The deadline was later delayed to May 14 and then May 18.

Along the way, the Trump administration signaled heightened scrutiny and penalties before walking that back.

On April 28, Treasury Secretary Steven Mnuchin announced that the SBA planned to conduct a “full review” of loans above $2 million, and he warned that borrowers would have “criminal liability” if they falsely certified that they need the funds.

Then, on May 13, the administration indicated a more relaxed approach. It granted that loans below $2 million would be deemed automatically in compliance with the program’s necessity requirement. Loans above $2 million would still be subject to an SBA audit, but companies would have the opportunity to return the funds without an SBA enforcement action if the agency told them they should have been ineligible.
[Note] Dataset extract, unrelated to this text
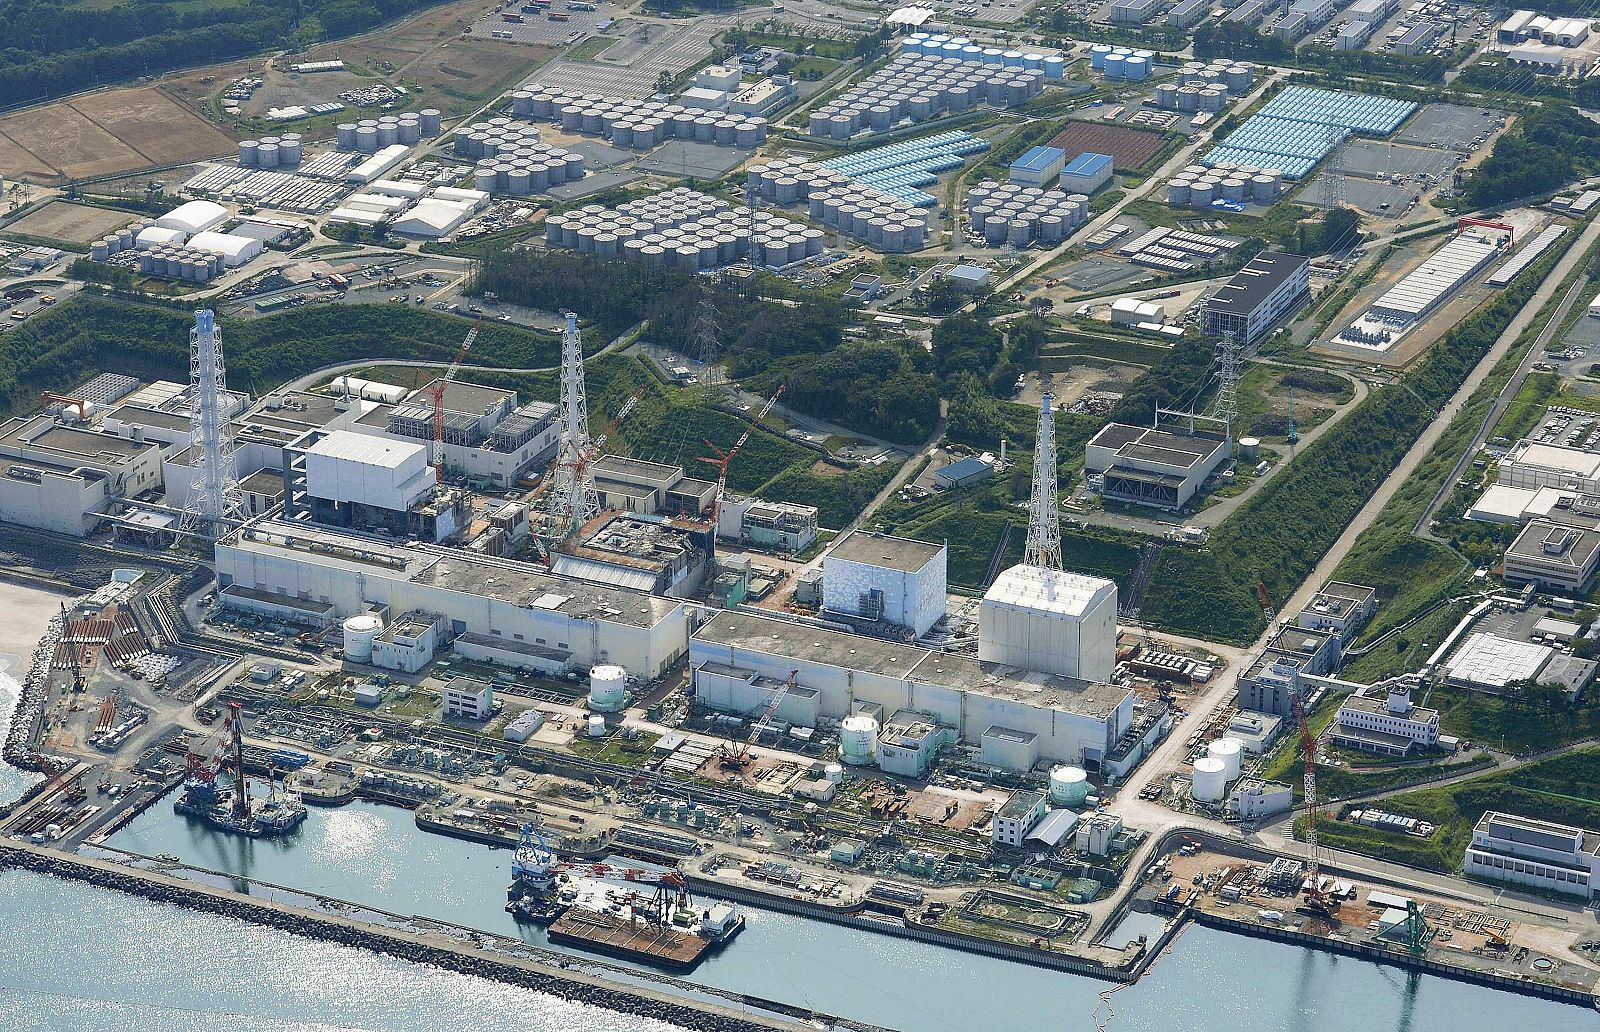 Vista aérea de la central nuclear de Fukushima. Los habitantes de la prefectura desplazados por el terremoto y la crisis nuclear no pueden regresar aún a sus casas.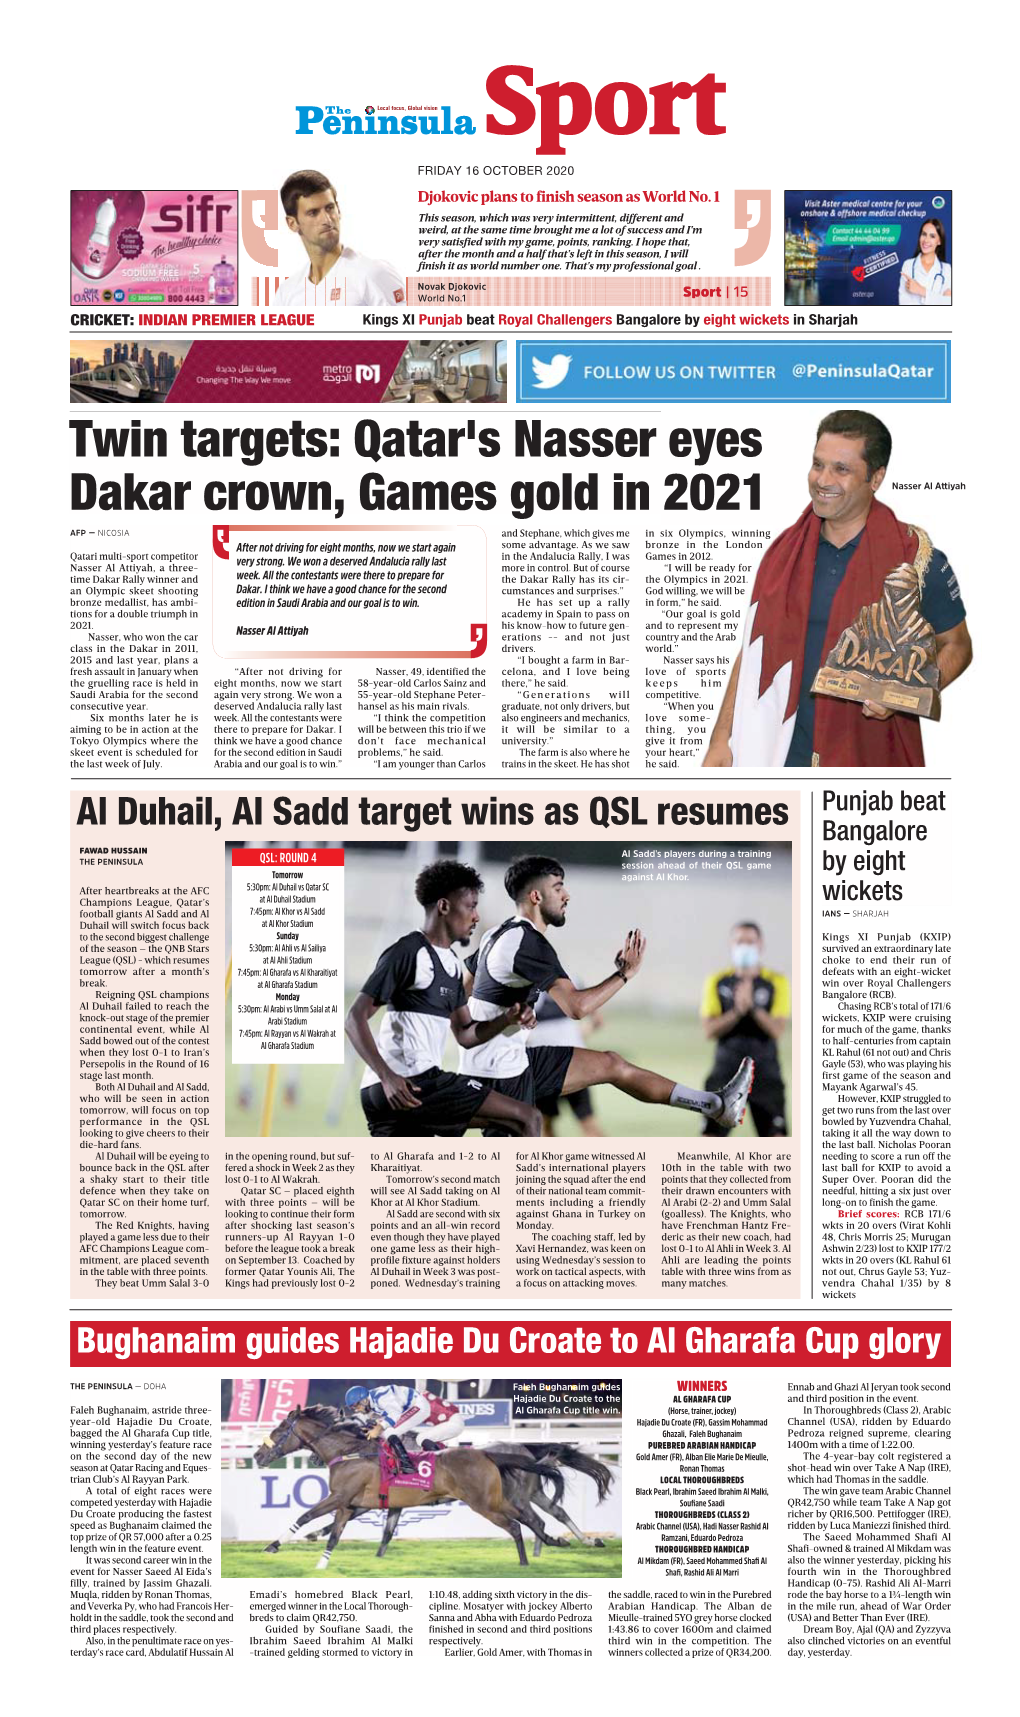 Qatar's Nasser Eyes Dakar Crown, Games Gold

“How this would ultimately play out with regard to how the Justice Department looks at this remains to be seen,” said Derek Cohen, a partner at the law firm Goodwin Procter. “But it certainly is intended to provide some comfort that they’re not looking to get people on the margins who are trying to make difficult calls.”

San Francisco-based Prosper Marketplace, which operates an online lending platform, is holding on to its $8.4 million loan despite guaranteed scrutiny by the government. Spokesperson Sarah Cain said Prosper will use the proceeds to cover payroll for its 400 employees as well as rent and utilities.

“The loan allows us to retain all our employees, which as you’ve seen is not something all companies in our space have been able to do in this environment,” she said.

Rep. Dan Kildee (D-Mich.) said he had some concerns about the impact of shaming companies from taking the money but that limits were necessary.

“If they need it, we want to make sure they’re using it for the purposes that are intended,” he said in an interview. “They have to adhere to the requirement that there’s no other source they could turn to. The vast majority of companies I talk to don’t have any difficulty coming to that conclusion and are willing to deal with the scrutiny because they know this is a matter of life and death for them.”

Lawmakers have started to apply direct pressure on certain companies to give up the funds.

In their first official action, Democrats on the House’s new coronavirus select subcommittee called on five public companies to return $10 million PPP loans that they each received. One, MiMedX, immediately announced repayment. Others defended their decisions to seek the loans.

One of the targeted companies, Quantum Corp., said the loan was “saving American jobs” at the firm and that “without it we would most certainly be forced to reduce headcount.”

“We owe it to our employees — who’ve stuck with us through a long and difficult turnaround — to do everything we can to save their jobs during this crisis,” Quantum spokesperson Bob Wientzen said. “We believe strongly that Quantum not only falls within the technical eligibility requirements of the PPP loan program, but also falls squarely within the spirit of what was intended by the CARES Act.”